UX practitioners often use the term Cognitive Load to describe something bad. User have difficulties processing all information required to complete a task, and may fail, falls into the category: Cognitive Load.
It's nice that we have a common phrase for it, but do we agree on its impact? Is it possible to measure cognitive load, and if so, what is the scale? Can we quantify Cognitive Load?
Answer
Card, Moran and Newell’s Goals, Operators, Methods, and Selection (CMN-GOMS) family of models can be used to represent cognitive load. Many are familiar with the KLM-GOMS version, which models the physical steps in a task, but there are also elements and versions of GOMS (e.g., CPM-GOMS) which seek to model the cognitive steps in a task. The raw number of steps, the time to complete the cognitive steps (allowing for parallelism), and the number of levels in a task tree each represent different aspects of cognitive load.

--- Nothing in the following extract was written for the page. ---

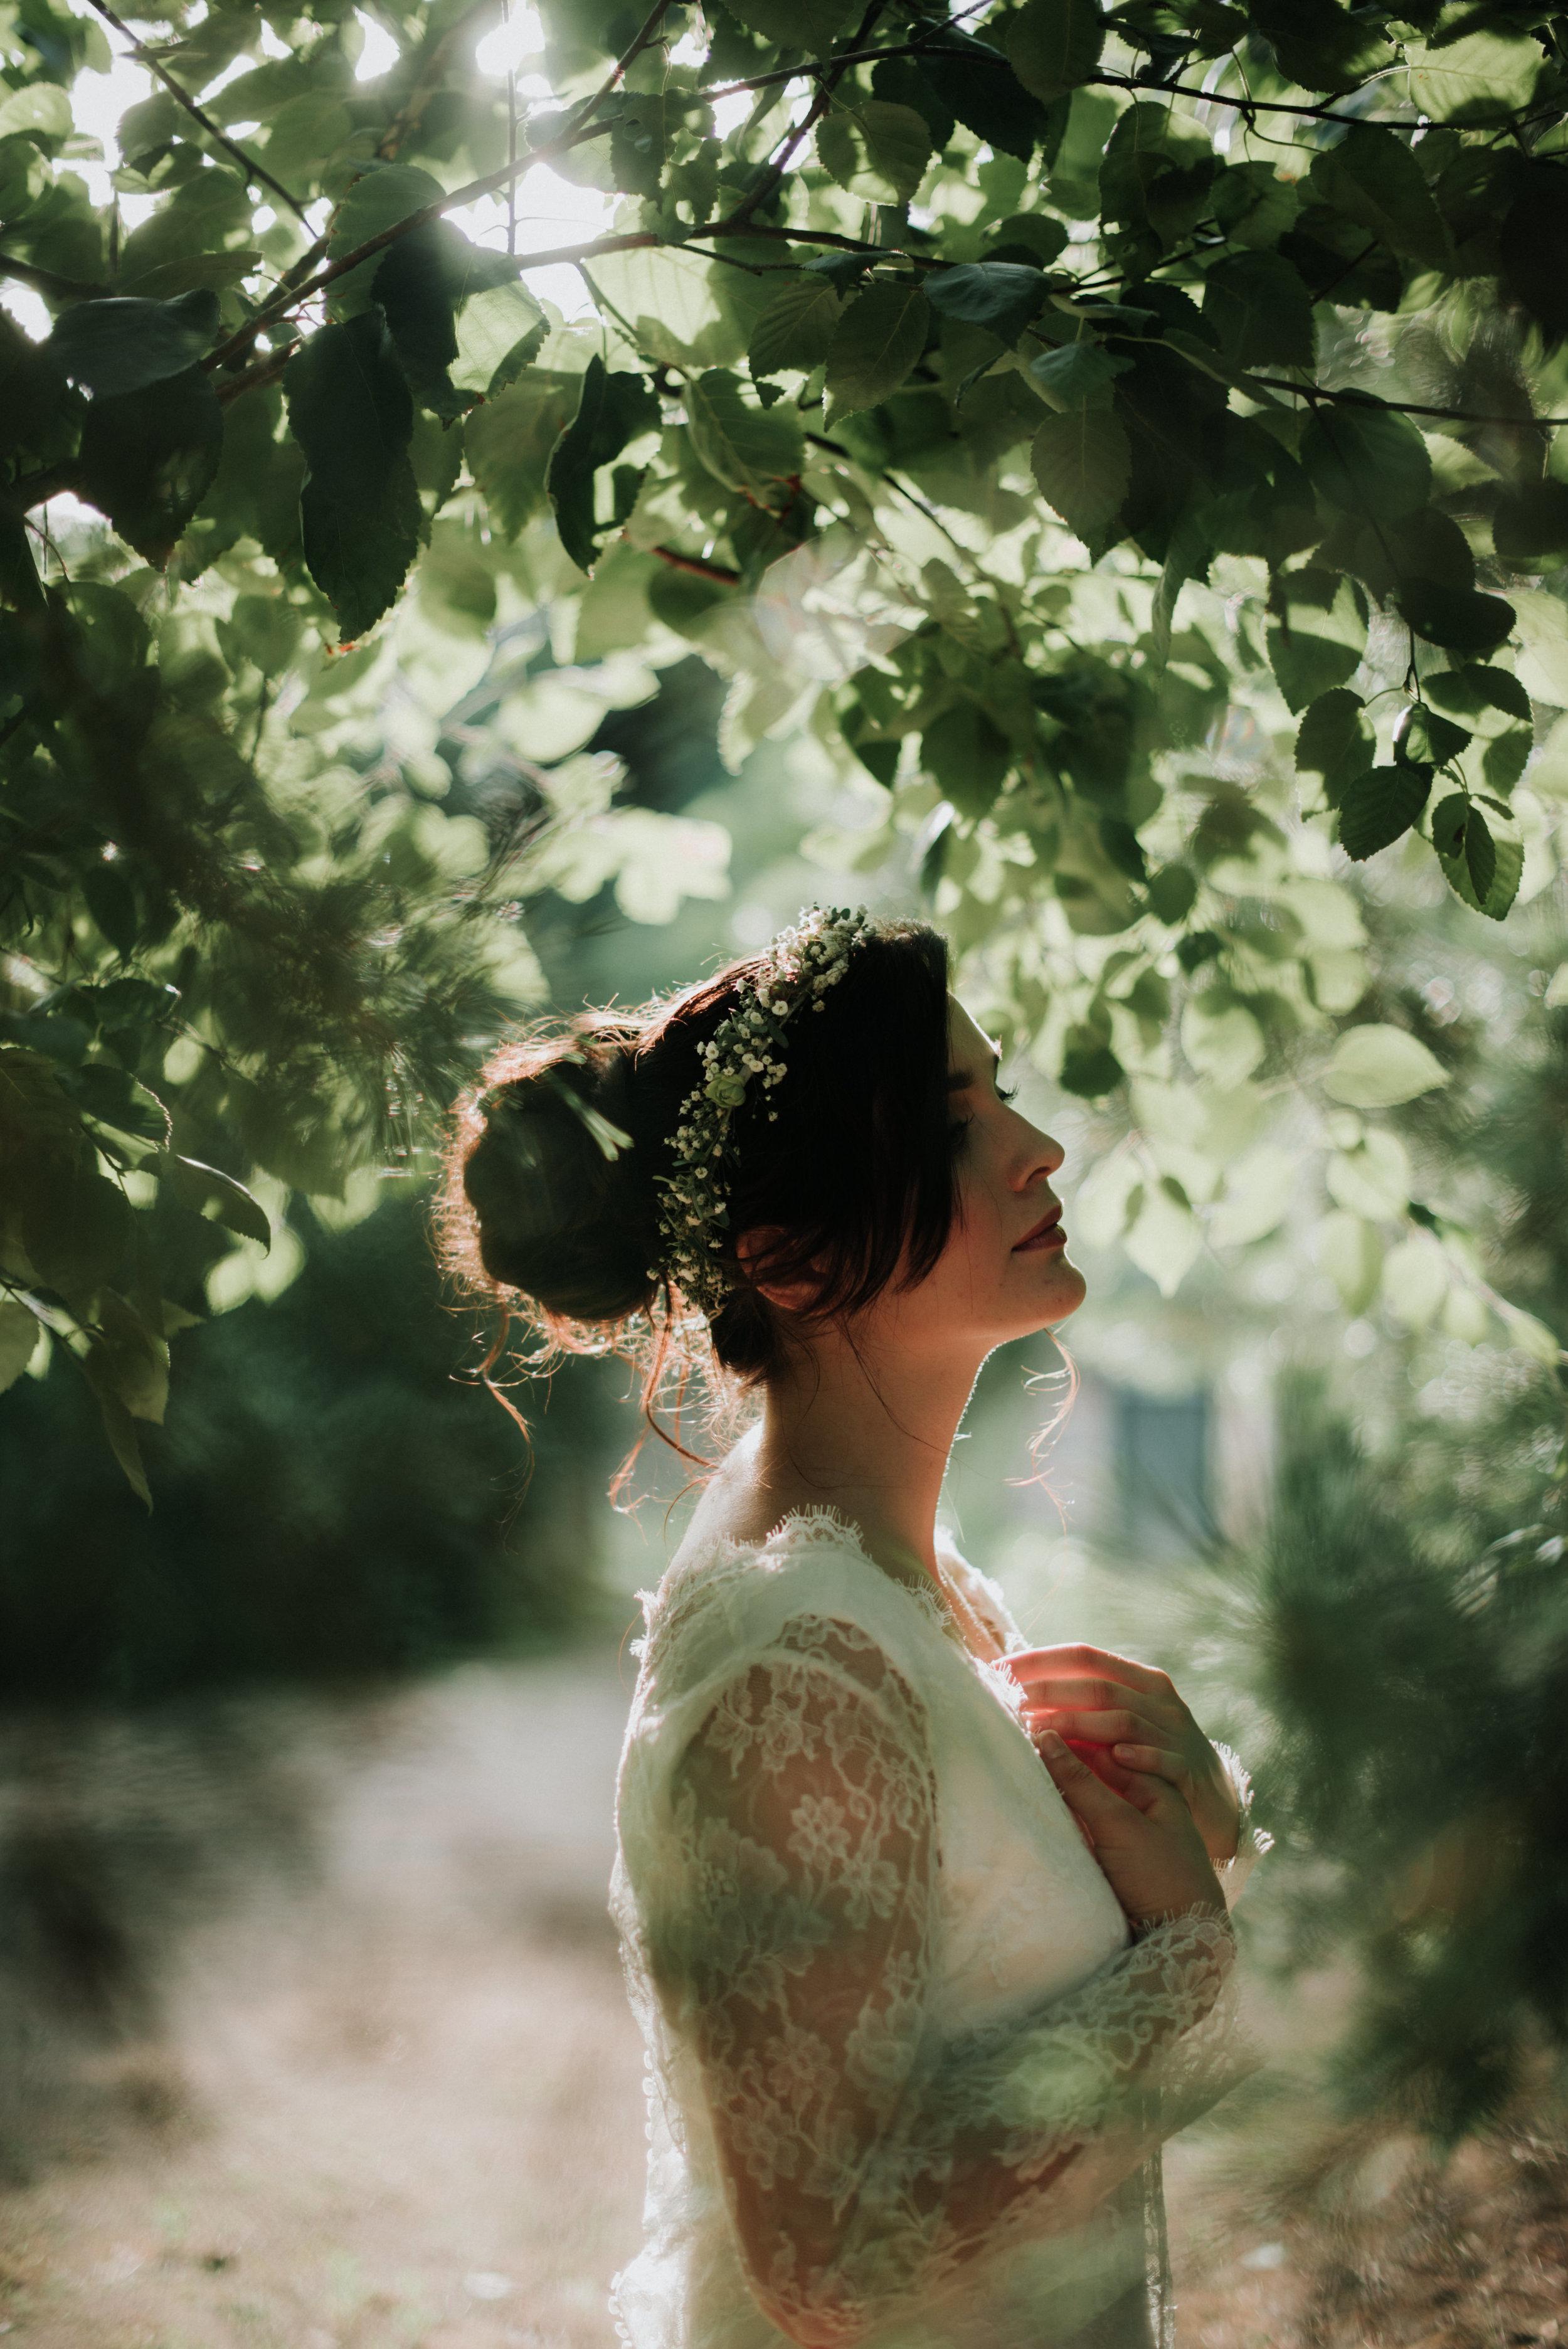 Léa-Fery-photographe-professionnel-lyon-rhone-alpes-portrait-creation-mariage-evenement-evenementiel-famille-9330.jpg

While KLM-GOMS is relatively easily applied with little training, other flavors of GOMS take more expertise and effort to apply, which may account for them not being used as much. Instead of measuring and comparing cognitive loads, it’s easier to analyze a task to identify what cognitive load can be shifted to the computer (e.g., the current page replicates information from another page to reduce memory burden; the page computes and displays differences and percents to reduce mental arithmetic). In this way, we approach the minimal feasible cognitive effort without actually measuring how much it is.
As for the impact of cognitive load, usability seeks to minimize the time, effort, and errors in using a product. Each cognitive step you impose on a user represents a little more time, a little more effort, and a little more chance of error. Shifting these steps to the product UI improves usability as long as the product does it faster and more accurately than the user.